Saturday, Nov 22, 2014

Coordinate better to deal with China: Commerce Ministry

The new paper seeks to build on the old strategies with improvisations befitting the changed trade scenario. The new paper seeks to build on the old strategies with improvisations befitting the changed trade scenario.
Written by Shruti Srivastava | New Delhi | Posted: March 10, 2014 3:01 am

THE commerce ministry in a draft paper on dealing with the increasing economic clout of China has suggested better cooperation among all economic ministries as a first step towards tackling the rising trade deficit with the northern neighbour.

“There is no coordination among economic ministries. The first step towards taking on China is to coordinate amongst the government departments, a demand which has been constantly made by industry. The paper has proposed that at least economic ministries should work jointly to help India bridge the trade gap,” a senior official told The Indian Express.

The ministry under former commerce secretary Rahul Khullar had earlier, in 2011, drafted an action plan for strategically countering the manufacturing prowess of China. In fact, a new China Division was carved out to have dedicated officials for dealing with the trade matters relating to the country.

The new paper seeks to build on the old strategies with improvisations befitting the changed trade scenario. Apart from better coordination, the paper suggests partnering of Indian firms with Chinese companies in areas where domestic manufacturing is strong. Also, China should be coaxed to not consider India as just a huge market but also invest and manufacture here.

The bilateral trade between the two nations declined by over 10 per cent to stand at $65.78 billion.

India exported goods worth over $13 billion to China and bought goods worth over $52 billion from it, resulting in a trade deficit of over $35 billion.

Though the top leadership of both the countries have pledged to take up the two-way trade to $100 billion by 2015, as the current pace it is likely to be highly skewed in favour of China. “The Chinese are taking on India even in the IT sector, which has so far enjoyed a stronghold across the globe. We have to sharpen our focus on such sectors and ensure that we remain leaders in these areas. Indian companies will have to do continuous value-addition. Since we cannot defeat them on pricing as of now, we will have to make up for that with value-additions,” the official said.
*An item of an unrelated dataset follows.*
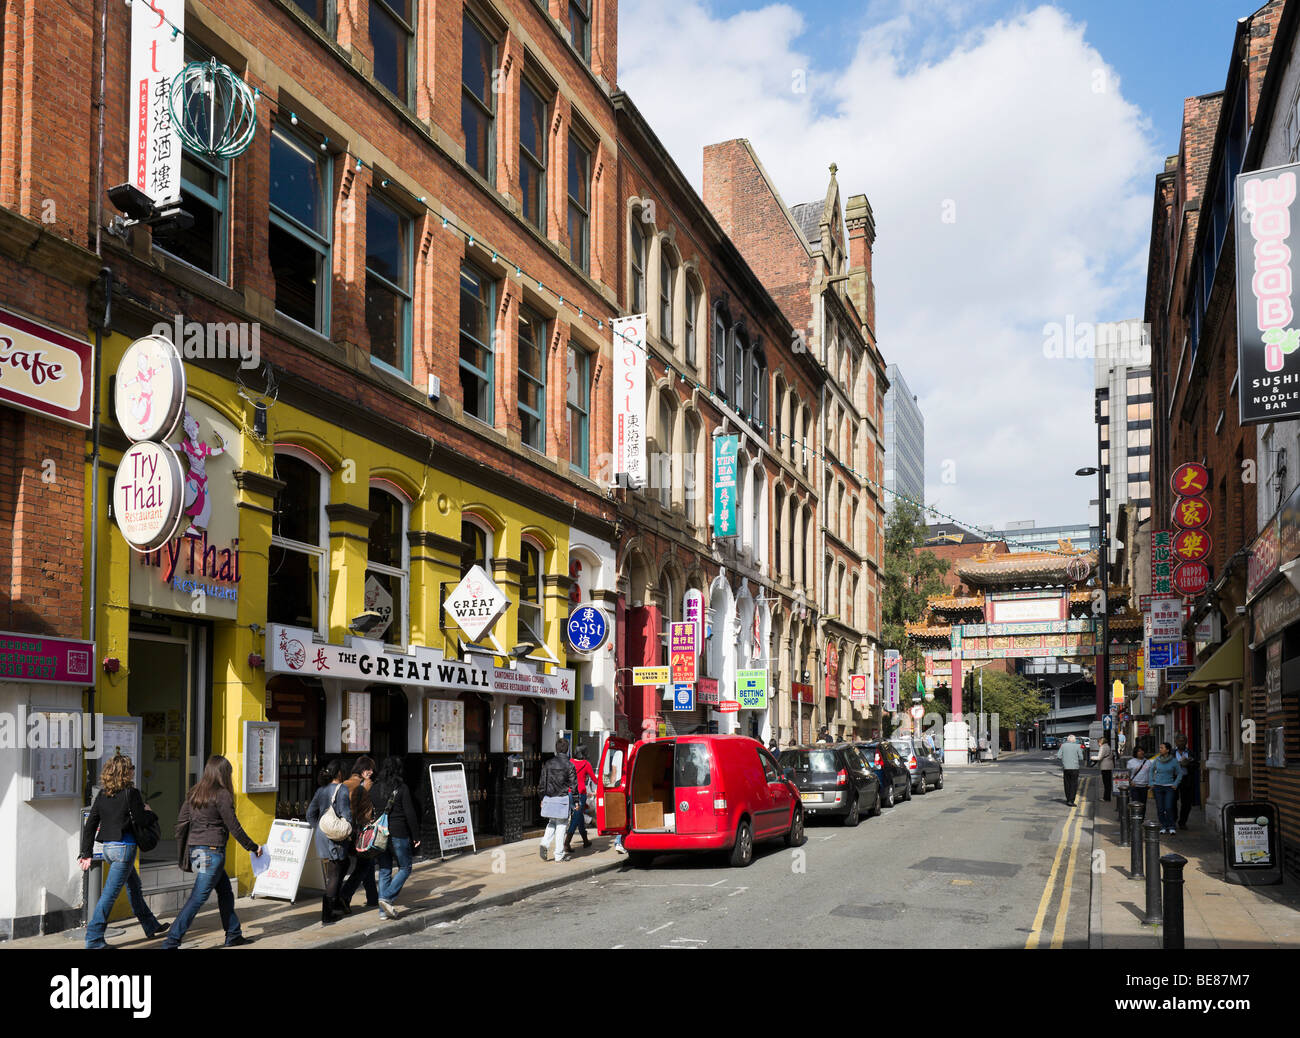 Ristoranti orientali su Faulkner Street a Chinatown, Manchester, Inghilterra Foto Stock

Earlier, the department had chalked out a five-pronged strategy for dealing with China. It included creation of non tariff barriers where dependence is high, ensuring Chinese state-owned procurement agencies buy in bulk from Indian companies; and leveraging the huge domestic market to gain access to Chinese markets.

Several other departments including power, telecom and IT have also been asked to look at sectors where they are not competitive so that duties can be restructured to usher in competition.